Машина кружила по городу, пока не выскочила на кольцевую трассу. Там шофер прибавил скорость и через час въехал в город почти с противоположного конца.
Больше Норта на станции не видели.
Когда Ираклий кончил рассказывать и они молча выпили, Ломазов сказал:
— У него никогда не было подружки. Все работа и работа. Одна работа.
Та огромная собачья голова над дачным забором, которую увидел пьяный Витек, была голова Норта. Как он очутился в Щедринке — трудно сказать. Он с таким же успехом мог попасть в любой подмосковный поселок. Он мог также обосноваться в окраинных полуобжитых кварталах Москвы, не выходя за пределы кольцевой автодороги. Однако он оказался в двадцати с лишним километрах от города.

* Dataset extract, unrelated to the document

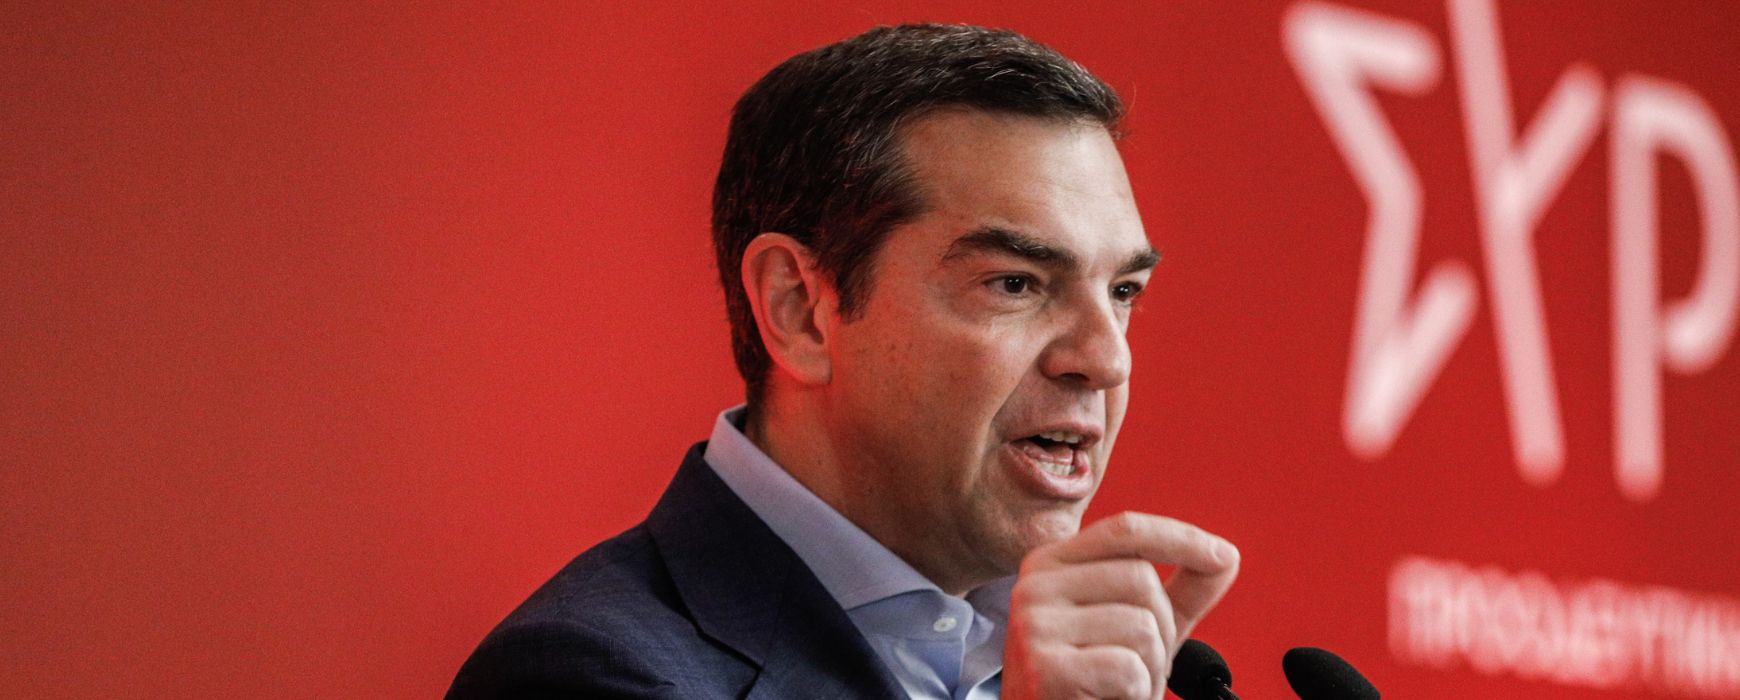 Τσίπρας: Νίκη του ΣΥΡΙΖΑ για προοδευτική πολιτική αλλαγή και σταθερότητα – Παππάς, Γαβρίλης και Παχατουρίδης υποψήφιοι στις Αυτοδιοικητικές

Можно было бы предположить, что в Щедринку он забрел потому, что эта станция расположена на дороге, по которой Норта привезли в Москву, что он направлялся на свою родную заставу, что его появление в поселке нужно расценивать как временную задержку, привал и т.д. Но мы боимся, что это выглядело бы натяжкой.
Если мы примем для себя эту версию, то неизбежно будем вынуждены предполагать в этом, пусть даже выдающемся псе, умение разбираться в частях света, знание города (ведь поезд, прежде чем вырваться за пределы Москвы, долго пробирается через ее промышленные окраины), а также невероятный патриотизм. Ведь, как мы знаем, хозяева на границе у Порта постоянно менялись, и он мог быть привязан только к самой заставе, к месту своего жительства, что более свойственно кошкам.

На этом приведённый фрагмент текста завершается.